The report, entitled "Better spending, better attention: a look at health financing in Haiti," underscores that public expenditure per capita on health is US $ 13 per year, below the US $ 15 average in low Income Countries and much less than the average among its neighbors, such as the Dominican Republic (US $ 180) and Cuba (US $ 781). In addition, although there has been a significant increase in funding from NGOs and the international community since the earthquake, this financing is steadily declining, placing doubts on the sustainability of investments in the sector.

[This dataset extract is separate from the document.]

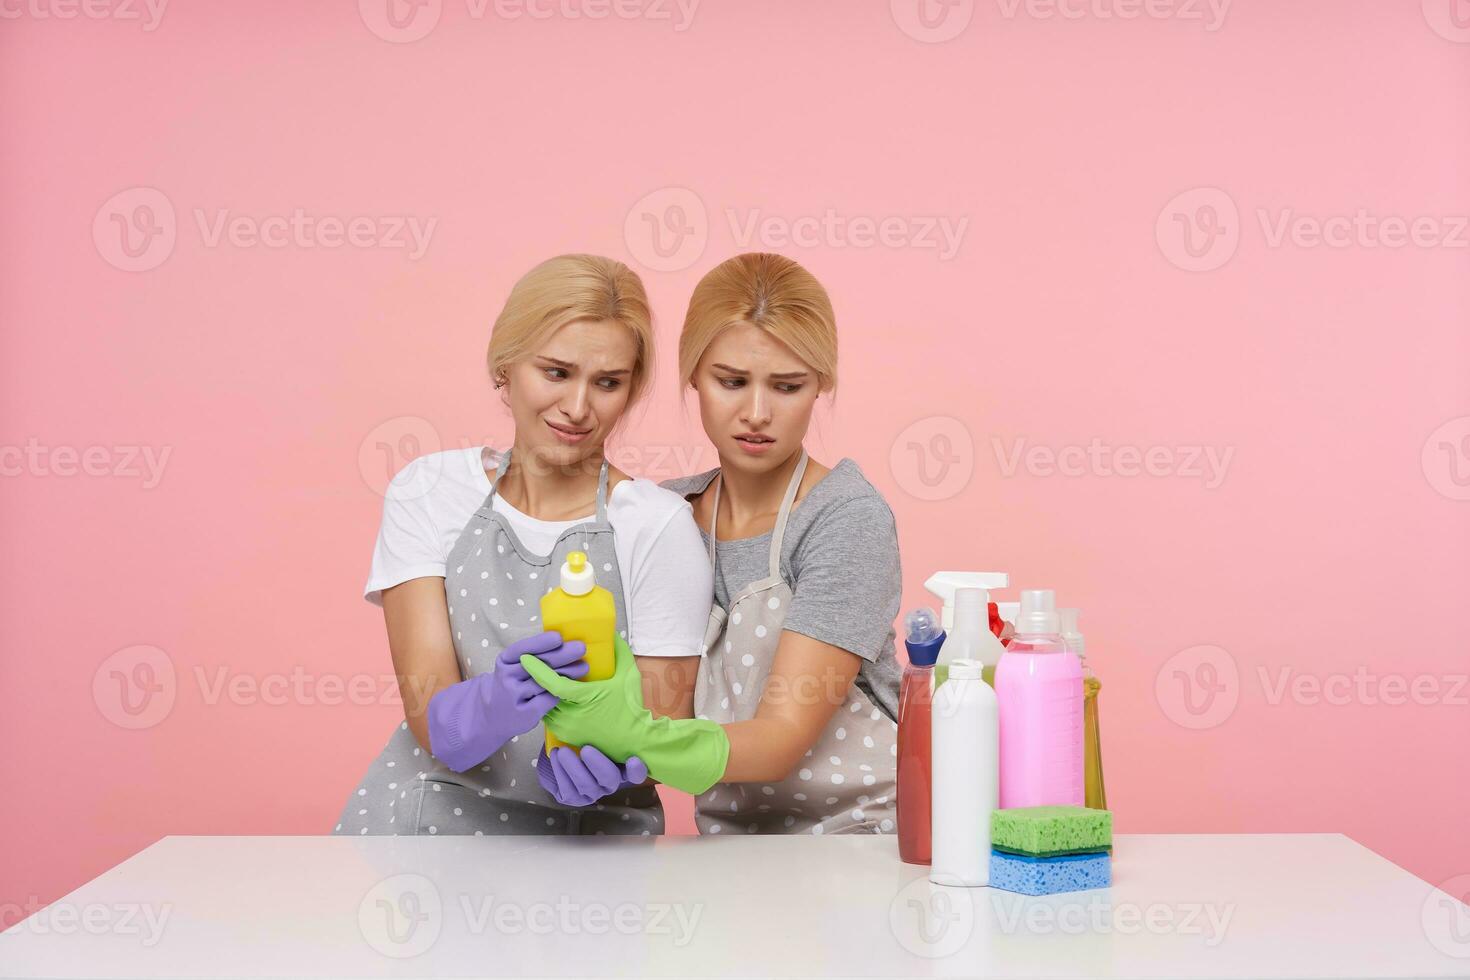 Confused young blonde women with natural makeup frowning their faces while holding bottle of detergent, sitting over pink background in basic t-shirts and aprons with dots photo

Taking into account the recurrent emergencies that hit the country, more than half of total health spending is directed to curative rather than preventive care. In fact, 38 per cent of total health spending goes to the hospital sector, mostly due to the high number of hospitals, a figure well above countries like Burundi (23 per cent) or Tanzania (26 per cent). Hospitals often lack the equipment to provide the necessary care, and the current level of expenditure has not led to increased provision of services. The cost of inpatient care is much higher than in primary health care facilities. The ratio of clinics per inhabitant nationwide is 0.3 per 10,000, well below the standard established by the Ministry of Public Health and Population of Haiti.
"The decline in international aid means that unless primary health care is given priority through greater access to essential treatments for those most in need, universal health coverage will not be possible," said Eleonora Cavagnero, Health Economist for Haiti, and lead author of the report.
Life expectancy increased, and maternal and child mortality was halved between 1990 and 2015. However, Haiti remains vulnerable to a number of health challenges: the maternal and infant mortality rate is four to five times higher than in the rest of Latin America and the Caribbean. Only 68 percent of children younger than 24 months received the three vaccines that prevent diphtheria, tetanus, and whooping cough, compared to 80 percent in similar-income countries.
The World Bank's special envoy for Haiti, Mary A. Barton-Dock, notes that "no investments have been made in areas that require them. Under the current framework of significant budgetary constraints, what is needed is a results-oriented financing mechanism to make the health system more efficient and equitable. "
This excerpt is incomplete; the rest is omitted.